By the end of October I’d finished 51 books this year – this despite not finishing one single book in the month of September!! You’d think with all that time in airports and planes I would have, but nope, not one. I did start one though and it was the first one I finished in October:
This book is VERY heavy on detail. Published in 1991 Moore gives his characters many, many textures, layers and secrets. The story is set in Patpong, in the underworld of Bangkok and most of the action occurs in a nightclub where businessmen, gangsters, corrupt police and politicians, pimps and tourists interact with each other and the women who sell themselves.
Lawrence Baring is an LA Attorney who finds papers after his wife’s death suggesting that she never stopped loving another man, Tuttle. Baring is invited to Bangkok by Tuttle, who intends setting him up to lose something valuable just as he, Tuttle, had lost the girl to Baring many years ago. Set amongst the turmoil of this strange Thai society the story is about the conflict between these two characters and the change in their perceptions of each other.
The novel has a lot of descriptive atmosphere, the characters are introspective and philosophical (the book seemed longer than 270 pages!). There are many twists and turns and quite frankly when I got to the end I wasn’t really sure what the ending was.
This was not really a metro train book as it required more concentration than I like to give while commuting. I have since finished the second book in the trilogy (November) and found it much easier going but you need the background of this book first.

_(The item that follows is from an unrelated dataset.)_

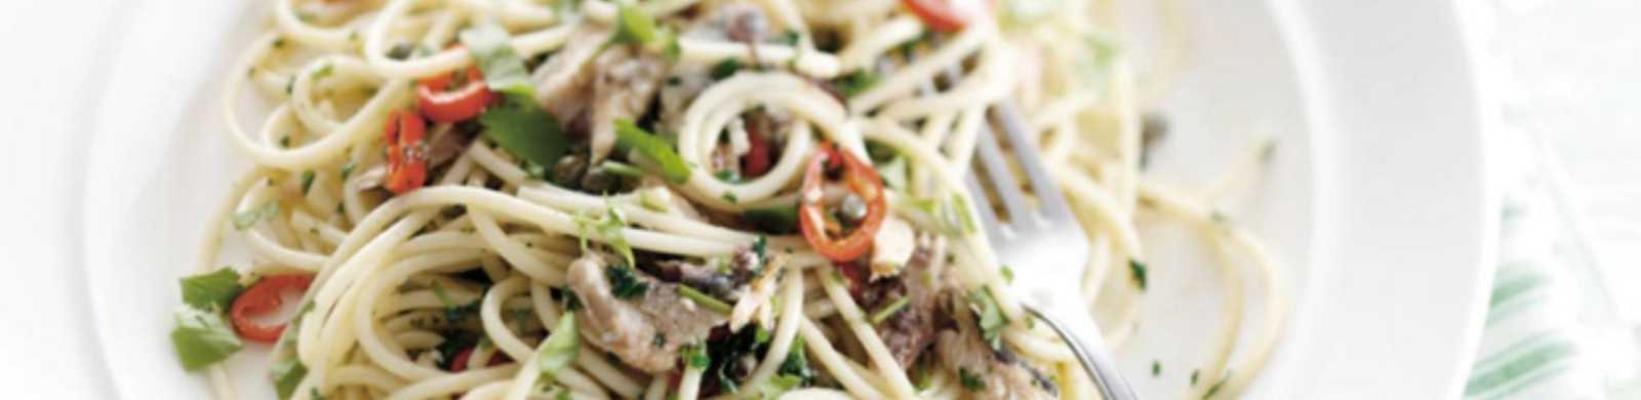 spaghetti with olive oil, sardines and capers

*** Private: James Patterson & Maxine Paetro. A good commuting book – short chapters; short attention span required. Patterson/Paetro (I wonder how much Patterson actually writes himself) introduces a new character, Jack Morgan.
*** Still Missing: Debut novel by Chevy Stevens. This is written as a series of psychiatric sessions of a woman who is kidnapped, held captive and forced into routines we’d rather not think about. It took me a while to get into and then it drifted occasionally but it made a good commuting book. Interesting plot twist near the end.
*** Bitterroot: A Novel – James Lee Burke. Billy Bob Holland is an ex Texas Ranger who accidentally killed his best friend in Mexico. Now Billy Bob, full of guilt, sees L.Q. Navarro’s ghost and has conversations with him which affects his ability to form relationships with the living. Billy Bob visits old friend Doc Voss in Bitterroot, Montana and gets caught up in Doc’s war with local militia bikers and a mining company. Billy Bob Holland is the type of character who believes in justice but not necessarily within the law. This book was 480 pages long but it was a quick read.
**** Comedy in a Minor Key by Hans Keilson. Keilson is a German Jew who survived WWII hiding in Holland. This book is one of two novels Keilson began writing during the war – the other is Death of the Adversary which is on my to-read pile. After the war Keilson became a psychiatrist and published the first systemic study of the trauma children experienced under Nazi persecution.
This book is about a Dutch couple agreeing to hide a Jewish man who dies whilst they are sheltering him. It is only from the couple’s point of view; we never find out anything about the man, what he is thinking or feeling. There is really nothing humorous about the story but there is plenty of irony and black absurdest comedy. It is a short book (144 pages), it’s lean, engaging and well worth reading.